Pathogenic infections cause severe clinical illnesses in humans and animals. Increased encounters between humans and animals and constant environmental changes exacerbate the transmission of zoonotic infectious diseases. Recently, the World Health Organization has declared some zoonotic epidemics as public health emergencies of international concern. Hence, rapid and accurate detection of the causative pathogen is particularly essential in combating emerging and re-emerging infectious diseases. Traditional pathogen detection tools are time-consuming, costly, and require skilled personnel, which greatly hinder the development of rapid diagnostic tests, particularly in resource-constrained regions. Clustered regularly interspaced short palindromic repeats (CRISPR-)-Cas- and aptamer-based platforms have replaced traditional pathogen detection methods.
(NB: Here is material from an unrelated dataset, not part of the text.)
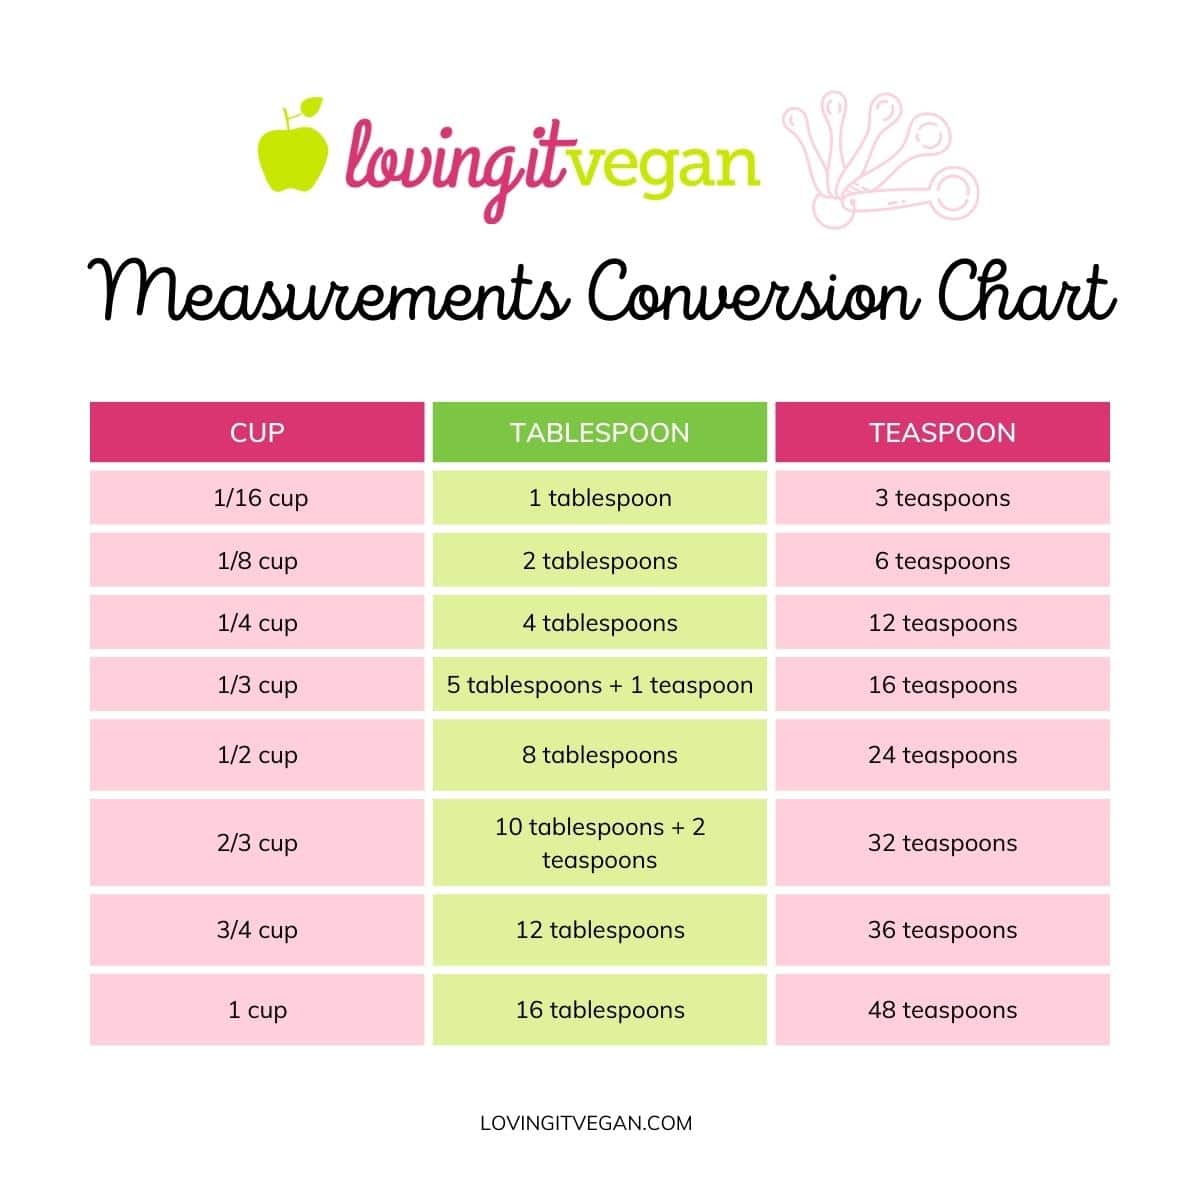 Measurement chart cups, tablespoons and teaspoons.

Herein we review two novel next-generation core pathogen detection platforms that are utilized for clinical and foodborne pathogenic microorganisms: CRISPR-Cas-based systems, including dCas9, Cas12a/b, Cas13, and Cas14; and aptamer-based biosensor detection tools. We highlight CRISPR-Cas- and aptamer-based techniques and compare the strengths and weaknesses. CRISPR-Cas-based tools require cumbersome procedures, such as nucleic acid amplification and extraction, while aptamer-based tools require improved sensitivity. We review the combination of CRISPR-Cas- and aptamer-based techniques as a promising approach to overcome these deficiencies. Finally, we discuss Cas14-based tools as functionally stronger platforms for the detection of non-nucleic acid targets.